Le canal minéral relie maintenant le ventre et le monde, pour la transfusion peut-
être...
On est là, sur la plage, devant la mer, et au même instant, on est dans la plage
et dans la mer. Cela s’est fait sans mots d’aucune sorte, sans attente. On n’a rien
désiré vraiment. Cela s’est fait, c’est tout. Musique pour tuer les mots, pour aller
plus vite que les mots. Musique qui n’est pas pour comprendre, mais frénésie
dure et sur-consciente, et d’un seul coup, on voit, on entend, on sent, on connaît
le dessin de l’univers. Musique qui va en un éclair au-delà de la société. Les
histoires, les plans, les cartes, pour quoi faire ? Il n’y a plus d’individus, plus de
domination, plus de questions ni de réponses. Dialogue brisé. Le cerveau est au-
dehors. c’est cela, c’est terrible et beau, le cerveau est vivant au-dehors. Les
dessins inventés, les signes, les arabesques, les déguisements, on les voit, à
présent. Le bruit les a éclairés comme un regard, et ils apparaissent sur les galets,
sur la mer, dans la lumière solaire.
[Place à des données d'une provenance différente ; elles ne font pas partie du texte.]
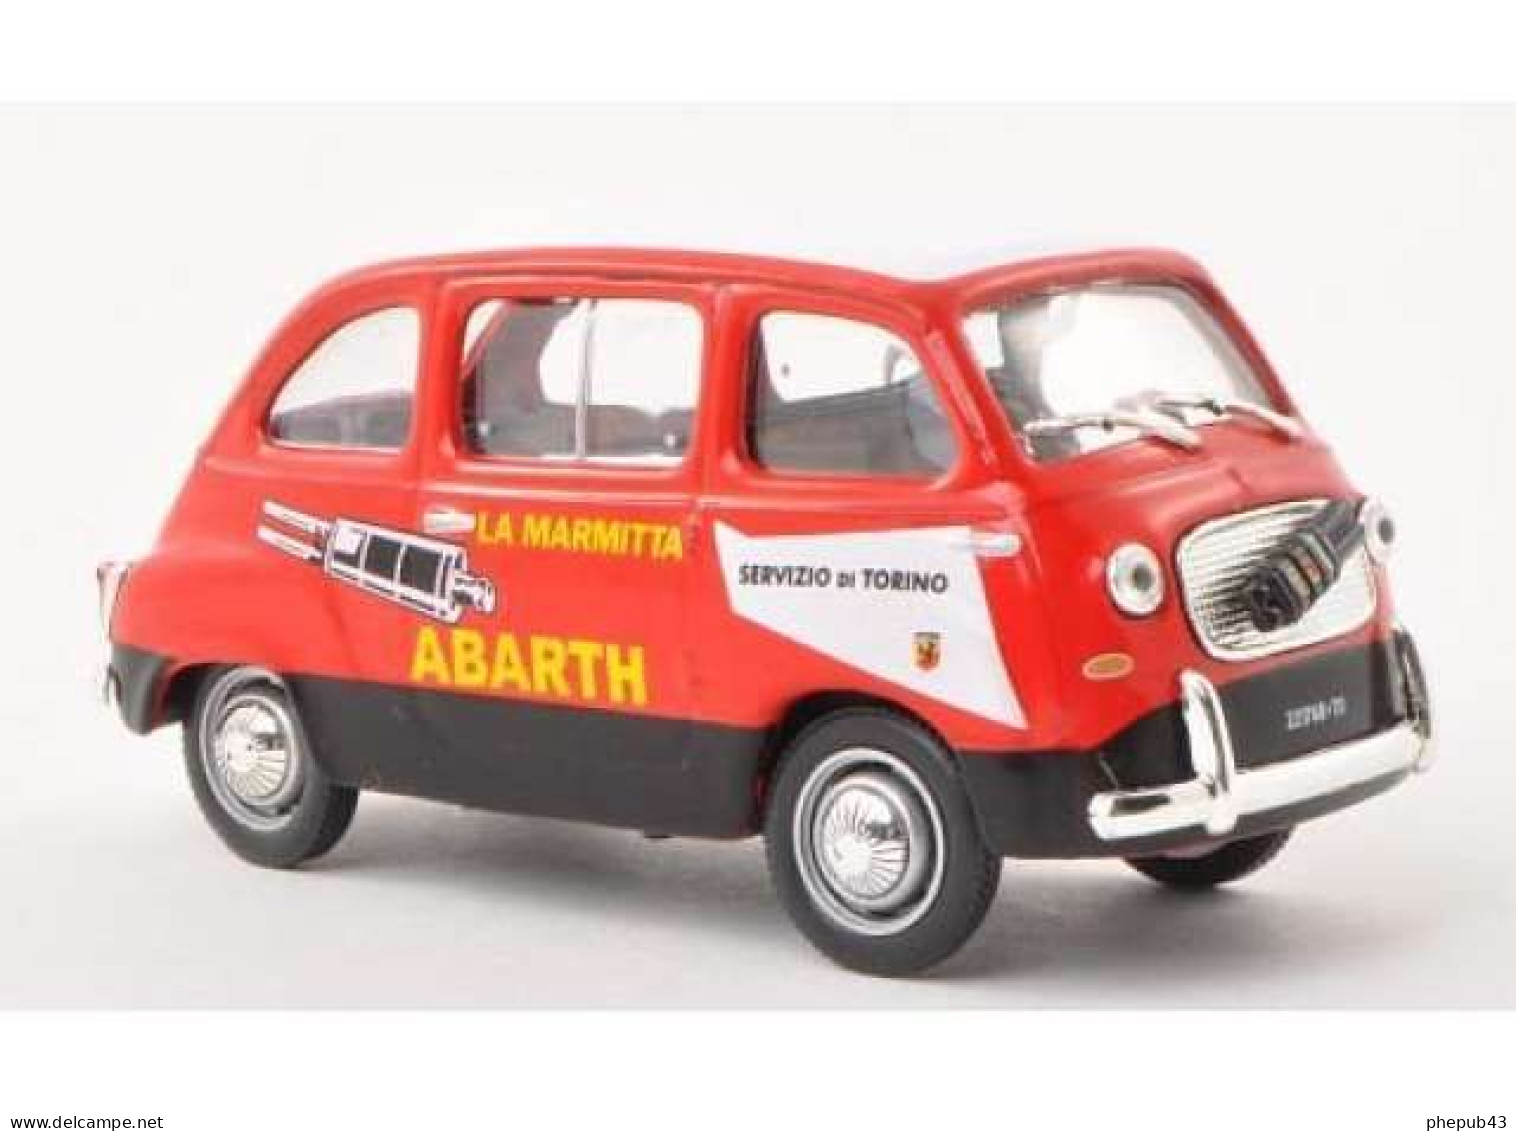 Fiat 750 Multipla Abarth - Servizio Di Torino - 1960 - Red & Black - Altaya - Camions

C’est une explosion qui dure très longtemps,
qui n’en finit pas. Le souffle de la déflagration est pareil à un vent qui ne cesse
pas. L’étoile de flamme qui s’agrandit, écartant ses rayons vers les bords de
l’espace, ne s’efface pas ; au contraire, elle grandit sur place, à chaque seconde
plus grande, à chaque seconde plus dense, et pourtant, elle a toujours été là, elle
n’a jamais été petite : enfin, on ne connaît plus le temps à l’envers.
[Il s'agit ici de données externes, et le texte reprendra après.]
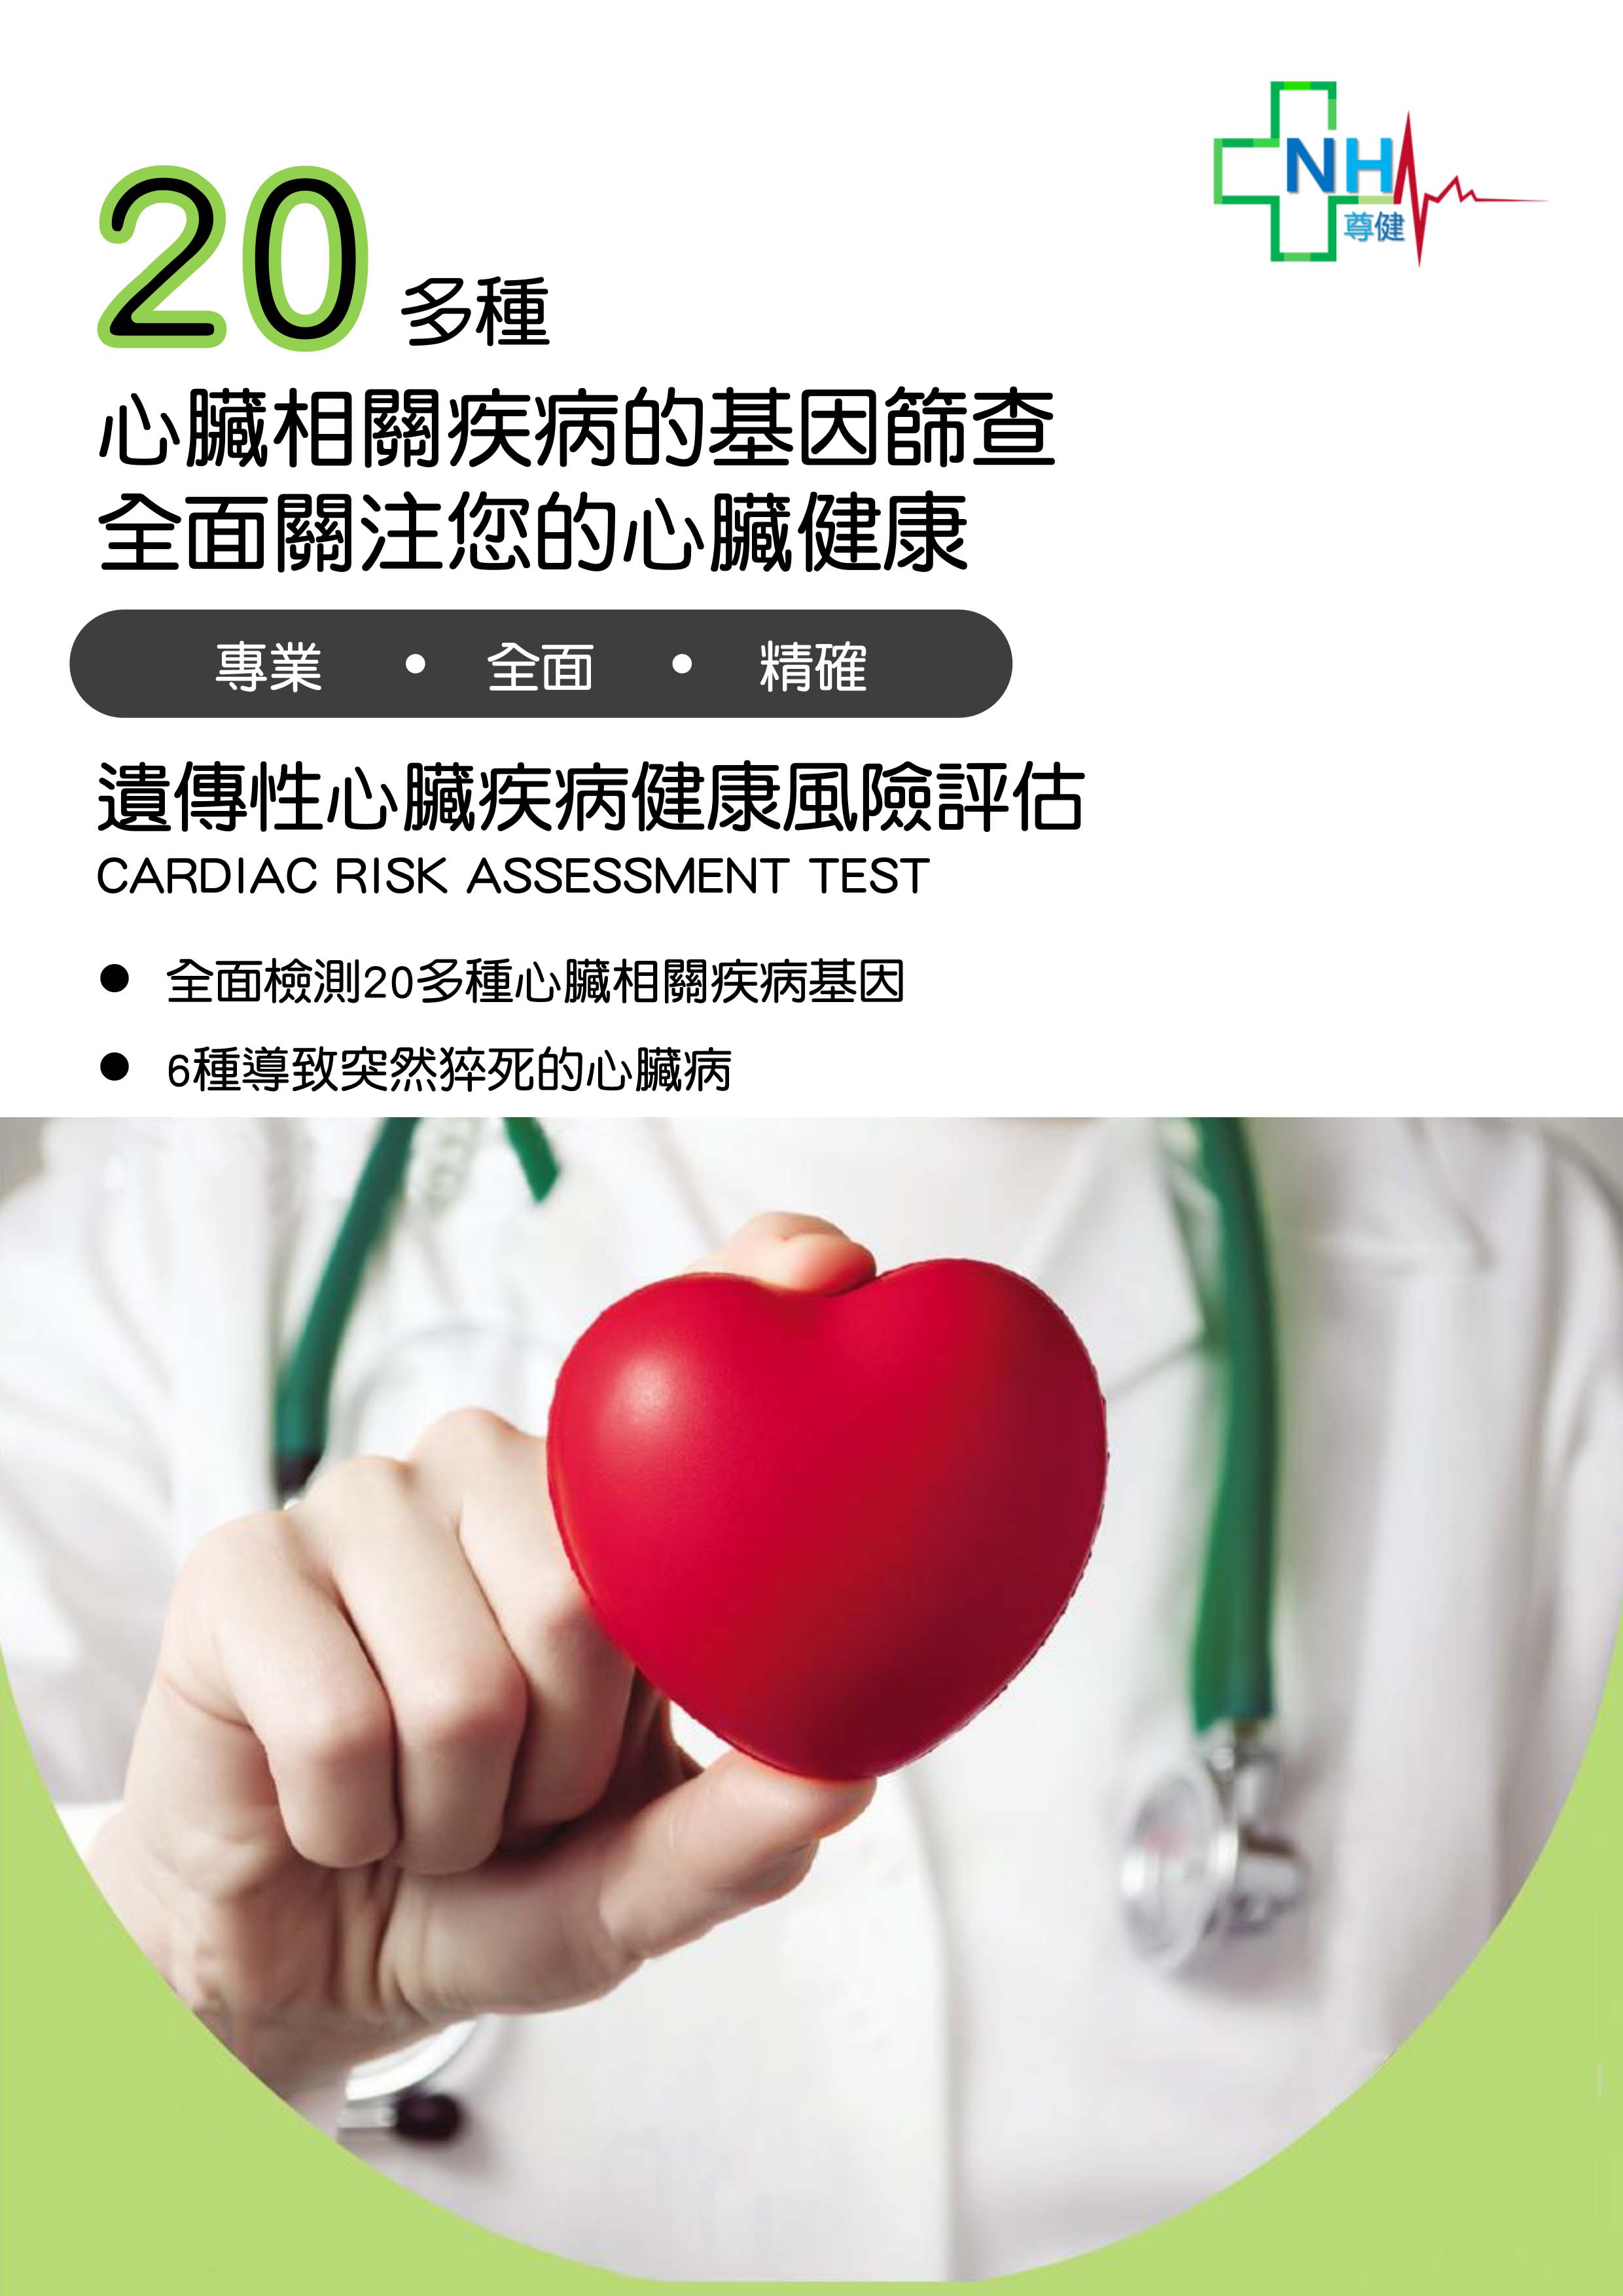 cardiac-risk-assessment-test-1.jpg

Les cris des crapauds, dans la nuit. ne cessent pas. Ils montent, séparés, puis
unis, impossibles à distinguer les uns des autres, graves, aigus, faibles, puissants,
ils s’additionnent sans qu’on puisse voir les gorges d’où ils sortent ; ils gonflent
la nuit noire, la remplissent complètement, excluent tous les autres bruits. Il n’y
a plus qu’eux. Les langages, les froissements des feuilles, les gouttes d’eau, les
respirations, les bruissements des insectes, plus rien n’existe. Langage total
enfin, puisqu’il n’exprime rien, seulement un appel, un désir, la vie transformée
en bruit. Colonnes d’orgues serrées les unes contre les autres, chacune lançant
son bruit raide, hors du souffle, hors des phrases, hors du rythme du cœur ou des
mouvements des bronches. Le concert hésite, grandit, multiplie ses klaxons, ses
sirènes. La nuit est tellement pleine de cris qu’elle semble matérielle, air de
pierre, eau de pierre, odeurs de pierre. Les crapauds gonflent et dégonflent leurs
goitres, invisibles, lointains, et leurs cris jaillissent de tous les côtés à la fois.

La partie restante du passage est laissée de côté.